### THE TASK
Leave out the pictures and restate the rest of the data exactly.

**** DATA EXCERPT ****

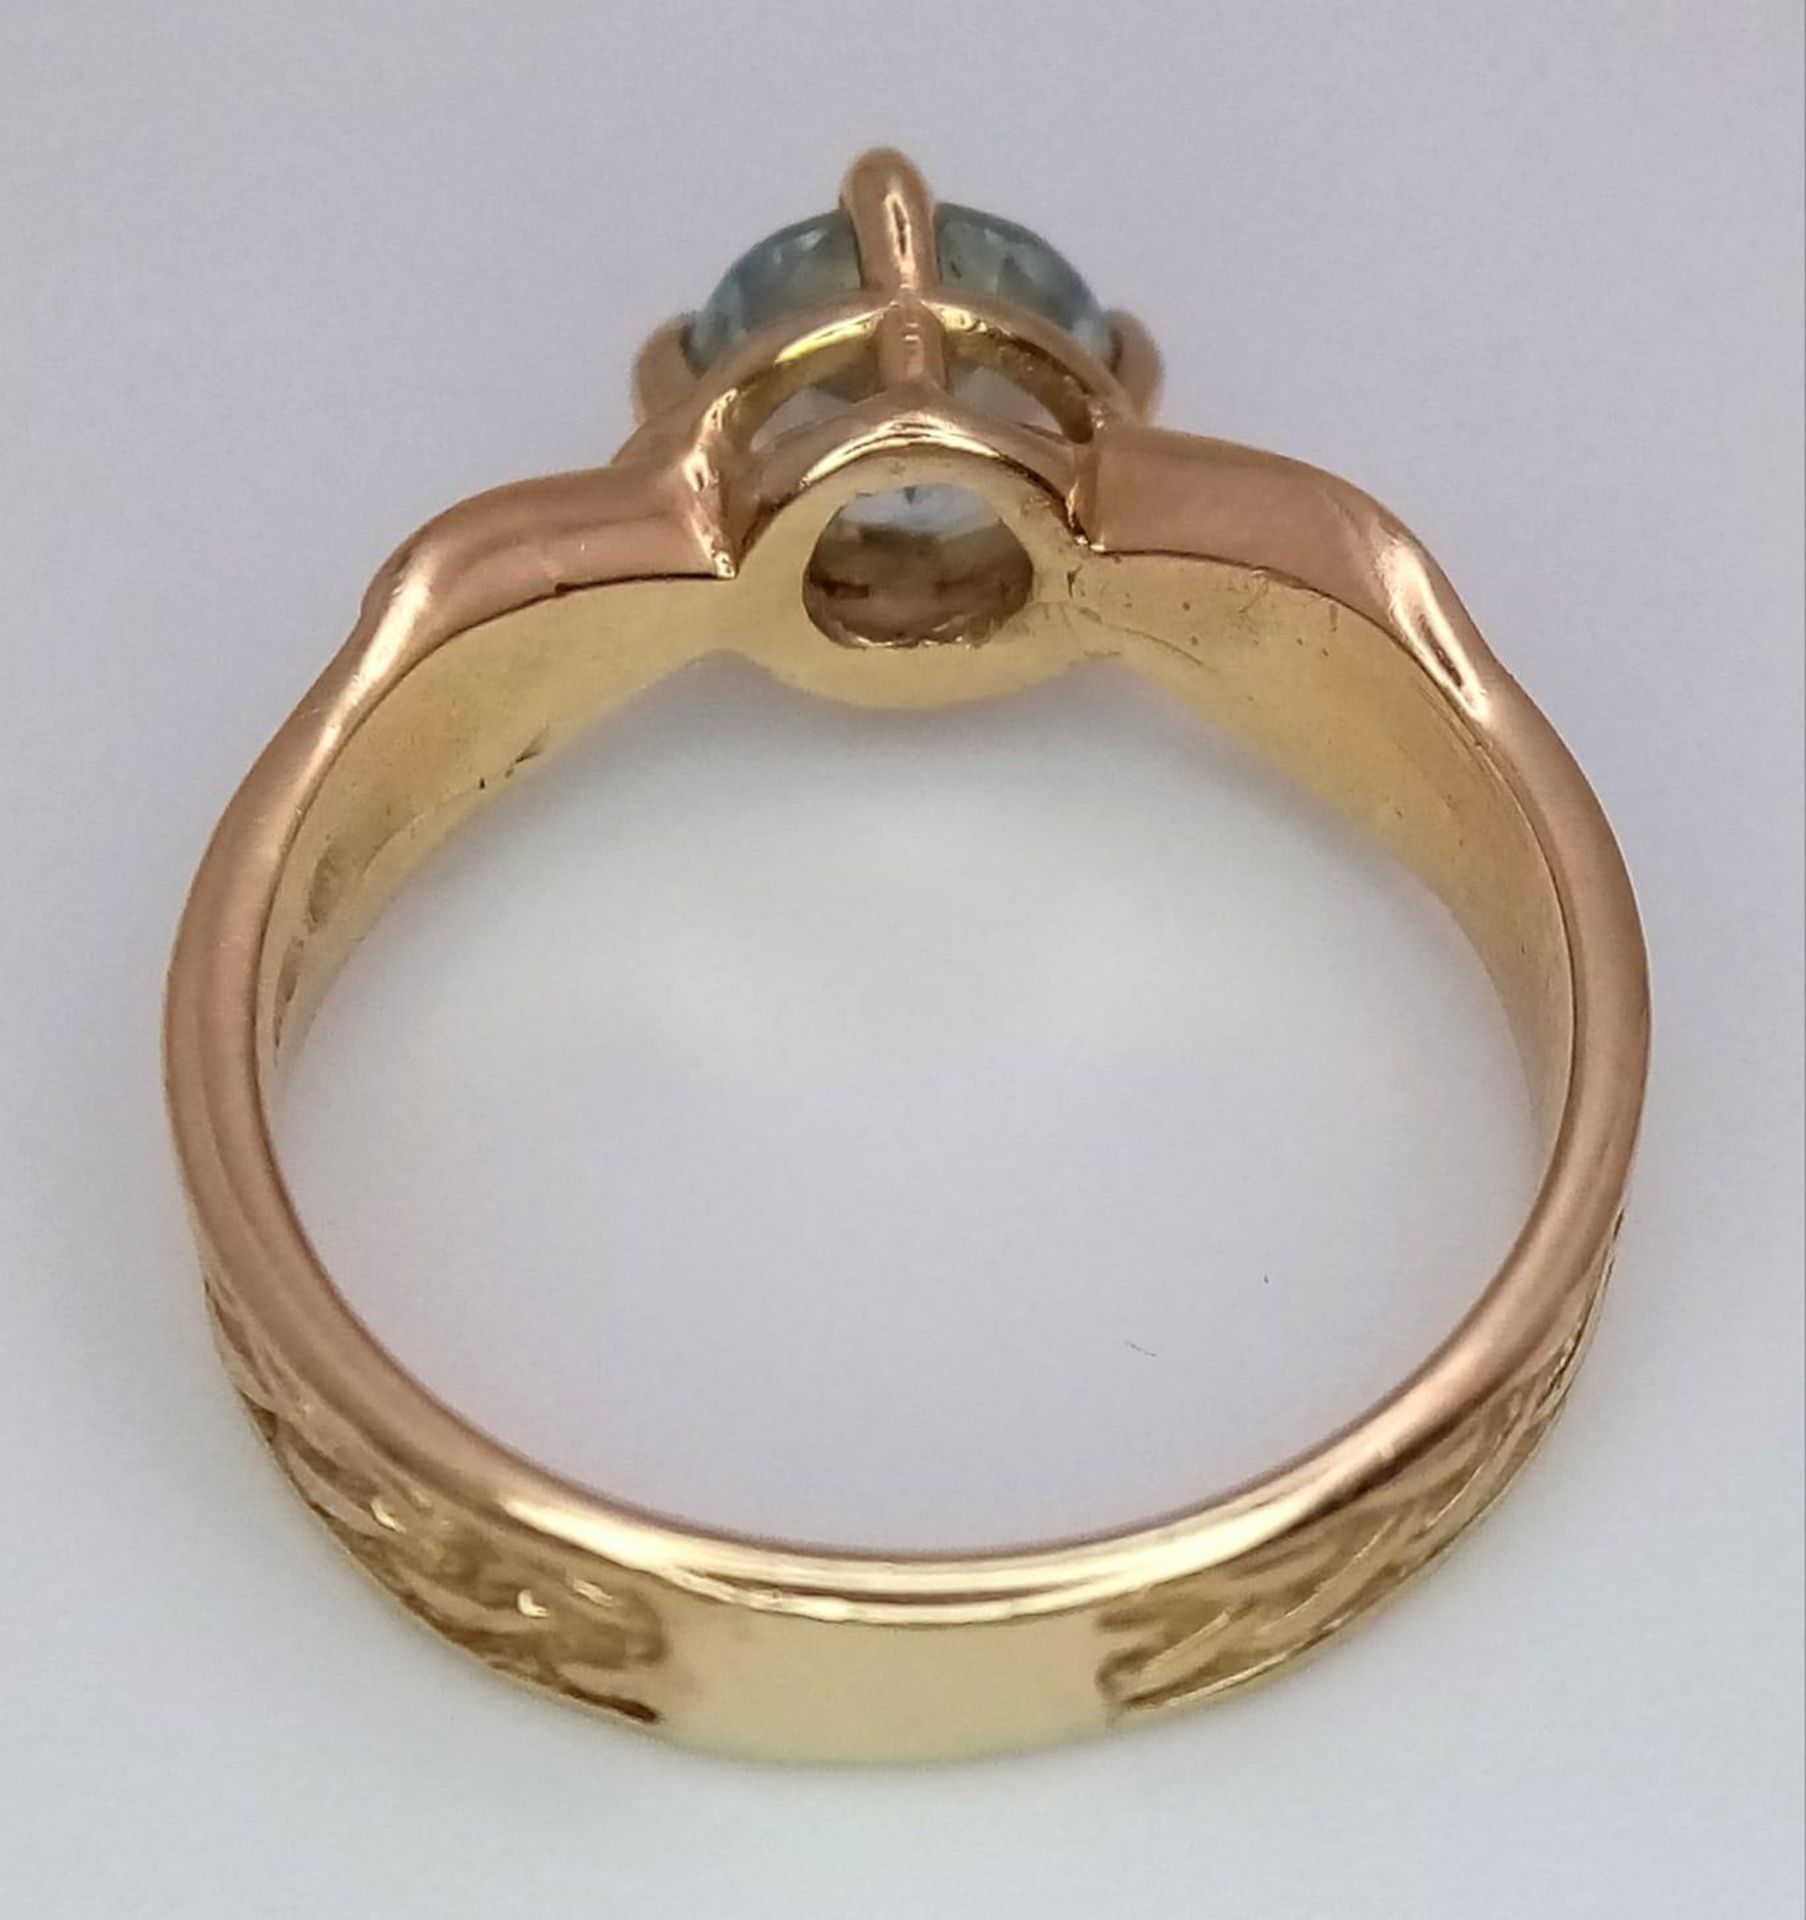 A Vintage 14K Yellow Gold Aquamarine Ring. Size K 1/2. 3.6g total weight. - Image 4 of 5
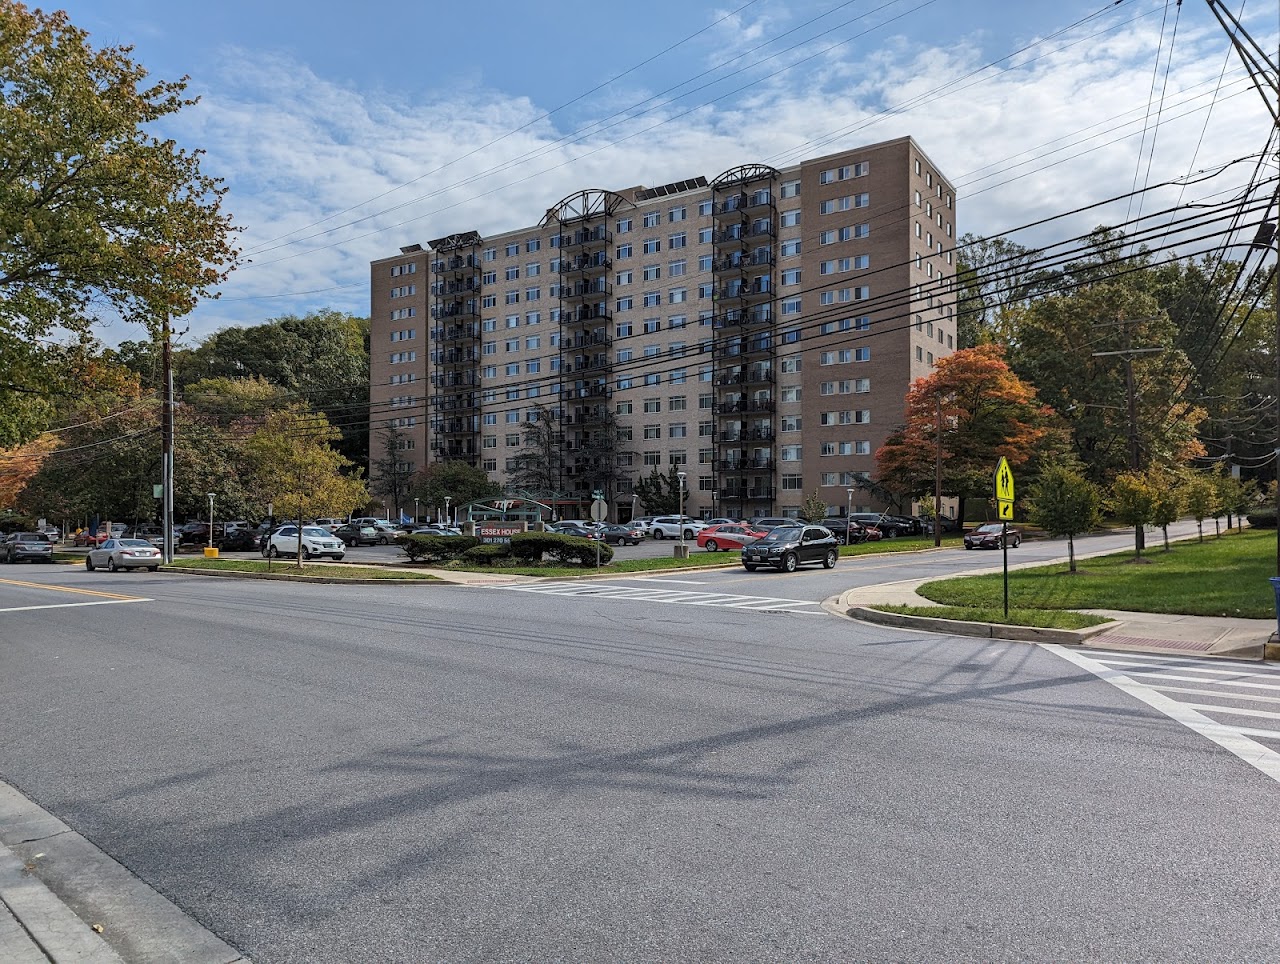 Photo of ESSEX HOUSE. Affordable housing located at 7777 MAPLE AVE TAKOMA PARK, MD 20912
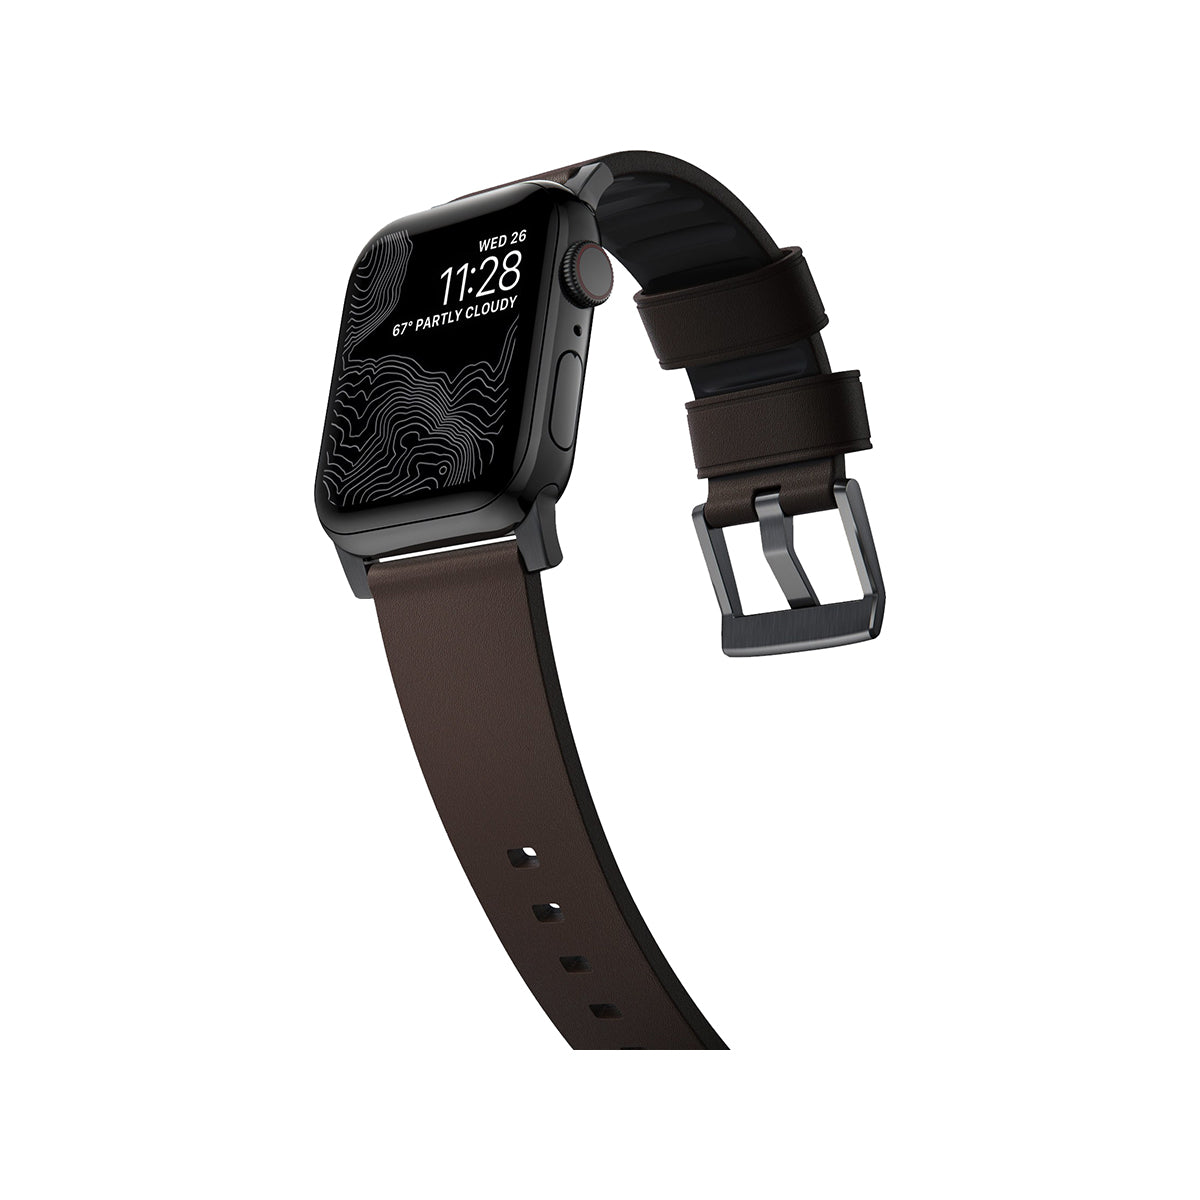 Nomad Apple Watch 41mm Active Band Pro - Black Hardware with Brown Leather Strap.

****

### EXERCISE RESULT
 A Vintage 14K Yellow Gold Aquamarine Ring. Size K 1/2. 3.6g total weight. - Image 4 of 5
 Photo of ESSEX HOUSE. Affordable housing located at 7777 MAPLE AVE TAKOMA PARK, MD 20912
 Nomad Apple Watch 41mm Active Band Pro - Black Hardware with Brown Leather Strap.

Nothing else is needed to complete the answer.